Neil Barr Foundation enters new era
The Foundation’s Trustees, New Zealand Tree Grower August 2016.
Earlier this year, the Neil Barr Foundation signed off on a new Deed. Our mission statement is: ‘To promote and encourage the planting of trees on farms. This is to be achieved by supporting practice and research which may benefit trees in the landscape’. Needless to say, this mission has changed little since Neil Barr along with member and lawyer, Mike Malloy, drew up and registered the first Trust Deed in 1986. However, the new Deed does enable us to meet modern-day standards and to allow greater flexibility in fund raising and disbursement.
The current Trustees are Chairman Dougal McIntosh, Secretary Mike Smith, along with Patrick Milne, Murray Downs, Nick Ledgard and on behalf of the NZFFA Dean Satchel.
Raising funds
A combination of donations and wise investment has allowed the Neil Barr Foundation to accumulate a current investment account of over $450,000. This may seem a significant amount, but it needs to be increased to a much larger sum if we are to reach a position where significant projects can be regularly supported.
This is especially important now that the NZFFA has assumed responsibility for an estimated 14,000 small-scale forest owners who have a major say in the future of the plantation forestry sector.
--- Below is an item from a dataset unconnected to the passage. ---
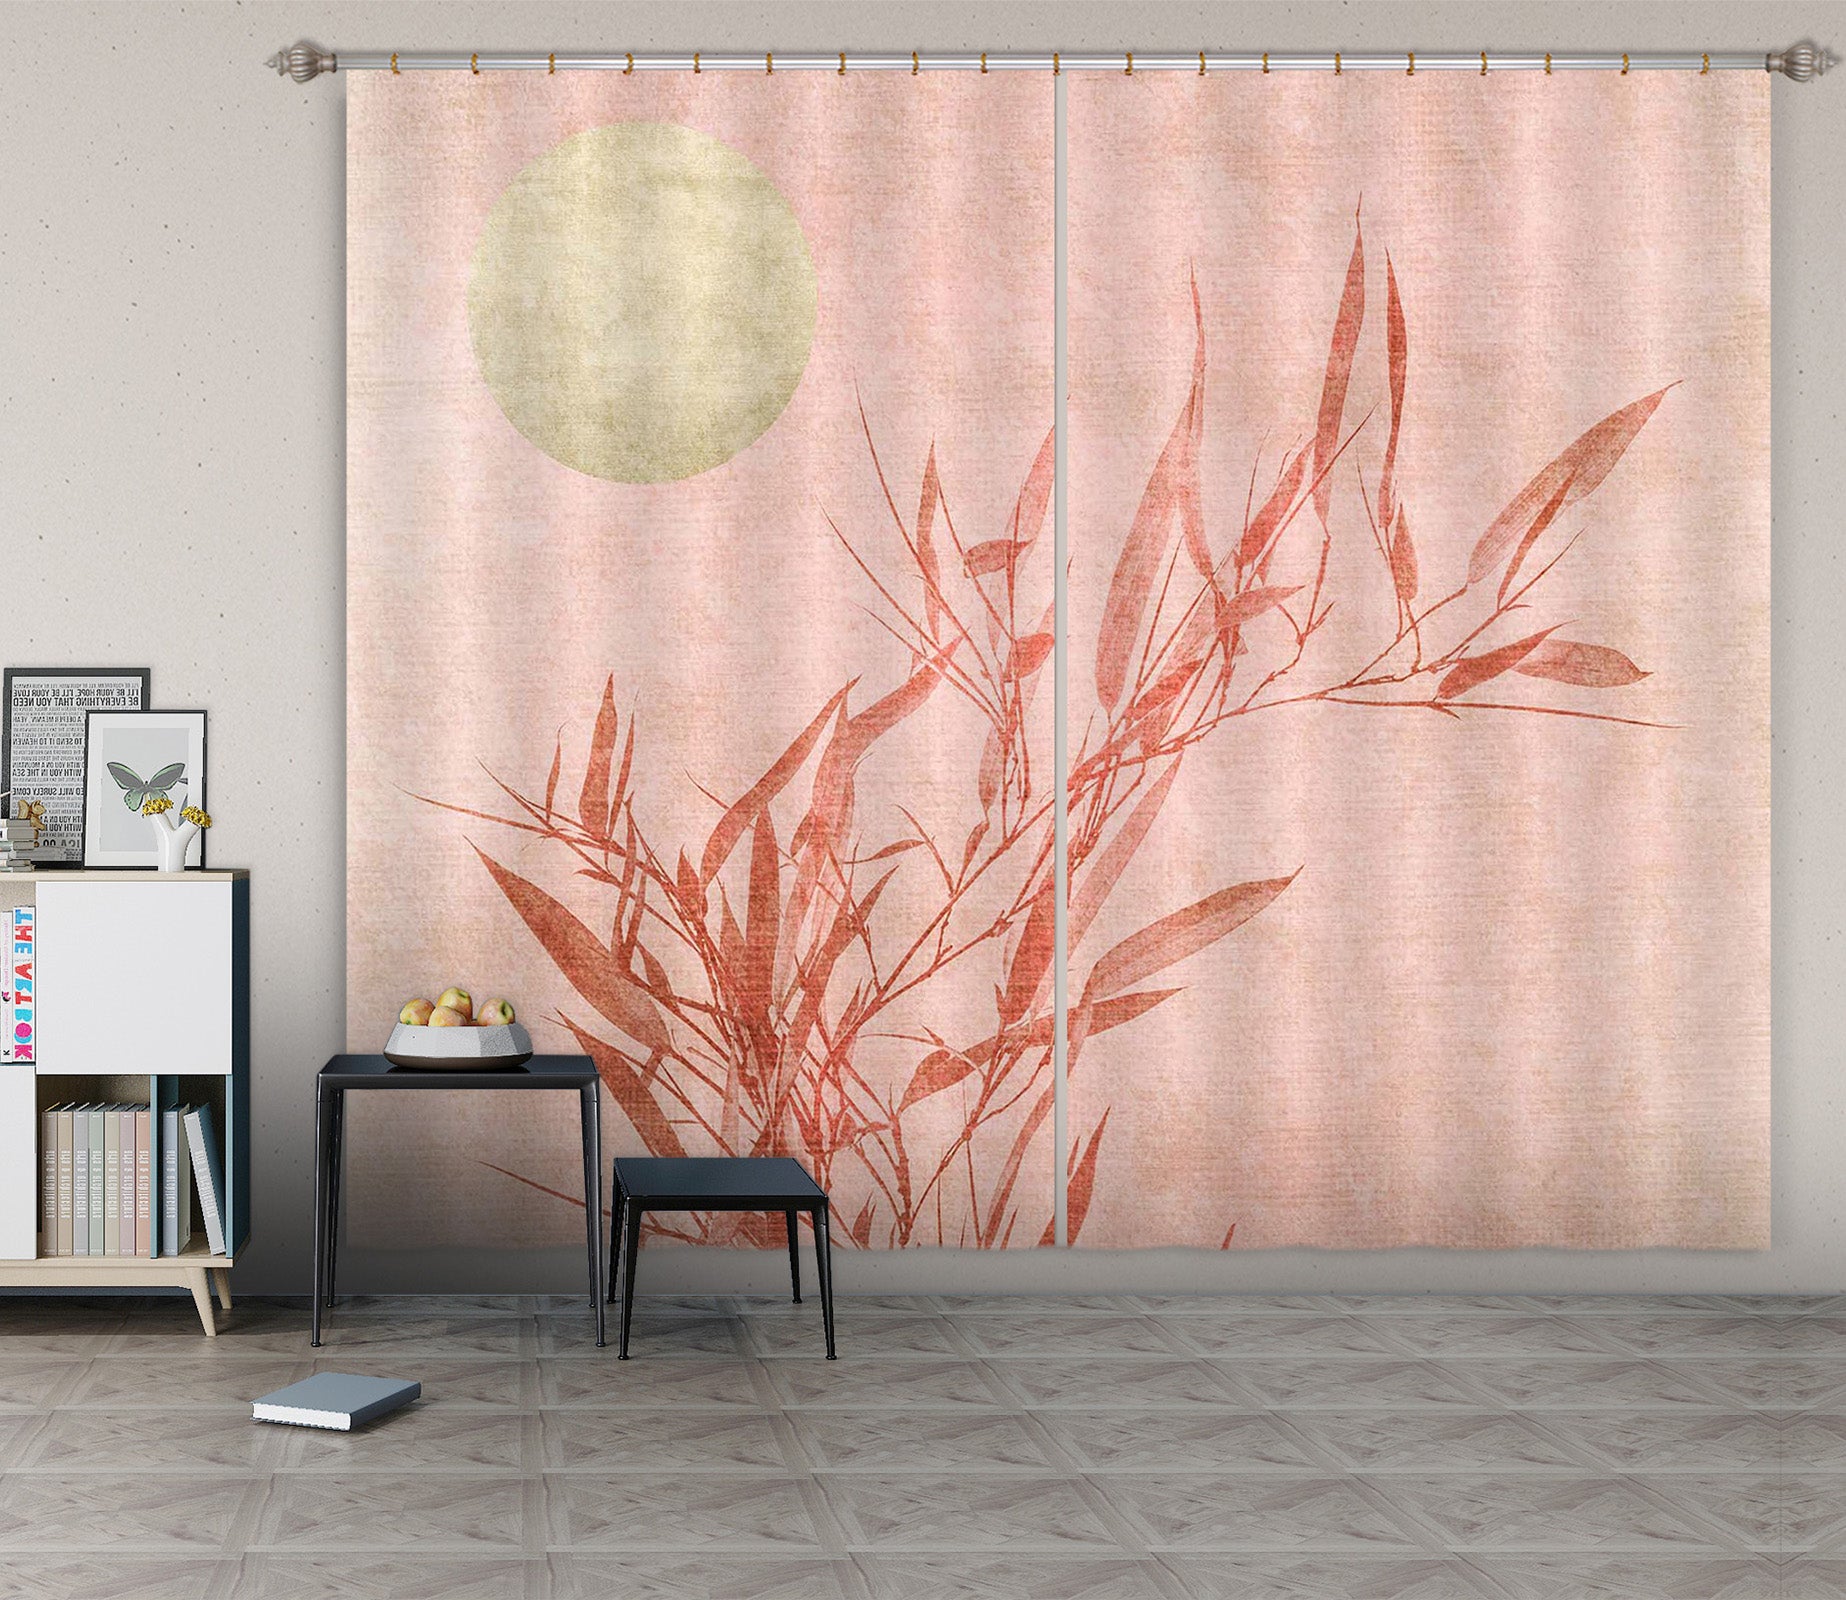 3D Sentimental Touch 050 Boris Draschoff Curtain Curtains Drapes
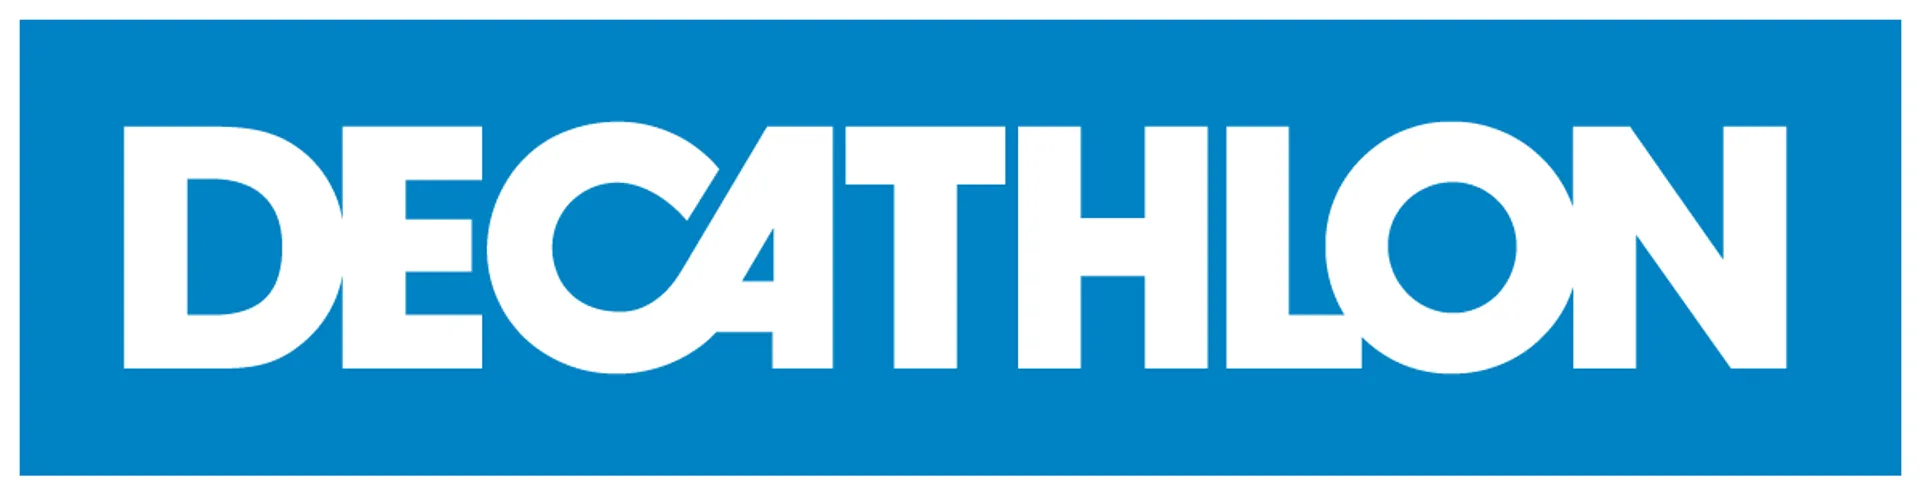 DECATHLON logo of current catalogue

Our new Deed allows for more attractive ways for donating money and being part of the Neil Barr Foundation’s decision-making processes, so we urge you to think seriously about how you can help us in reaching our target of getting more trees on farms.
Distributing funds
Most of you will know about the Neil Barr Foundation and its broad purpose, but few would be aware of its success to date. Over the last 18 years it has disseminated almost $200,000 in the promotion of more trees on farms. This has been in 69 annual allocations although some were for the same project in different years.
Annual allocations have ranged from $142 to over $30,000, with a mean amount of just over $11,000 a year. In recent years, the largest amounts have been to the NZ Dryland Forests Initiative to help with their comprehensive search for the right durable eucalypts for New Zealand conditions, and to the project for developing a means by which small forest growers can FSC certify their stands.
More recently we have been considering a student project which reviews the options for specialist harvesting of small stands. Although we look upon this sort of project as extremely important for farm foresters, we also readily consider much smaller applications.
Research projects are expensive and results can be a long time coming especially in forestry, and success is far from guaranteed, so we particularly like passing on existing knowledge. Recently we have been supporting the publication of John Wardle’s new book Woodside, which records his experiences after decades of continuous cover forestry with both beech and radiata forests. We have also been supporting a new Developing Partners project, which advances opportunities discovered by the nationwide Trees on Farms workshop series of two years ago. The years of little expenditure by the Neil Barr Foundation were almost solely as a result of few funding requests, because on average we approve around 50 per cent of applications.
The future
After 25 years of existence, the Neil Barr Foundation can safely say that it has made a significant contribution to advancing the use of trees on farms. Enabling us to do this has been our success in building up a substantial capital sum from which future funds can be allocated. But this sum needs to grow, as there remains a large untapped potential for the wider use of trees on farms – a potential which an increasing number of farmers and primary produce processors are starting to recognise. The NZFFA and the Neil Barr Foundation are obvious organisations to lead the way forward. If we do not, then we are standing still. Therefore, the Neil Barr Foundation needs your support to increase its capital base and suggest projects which will promote more trees on farms.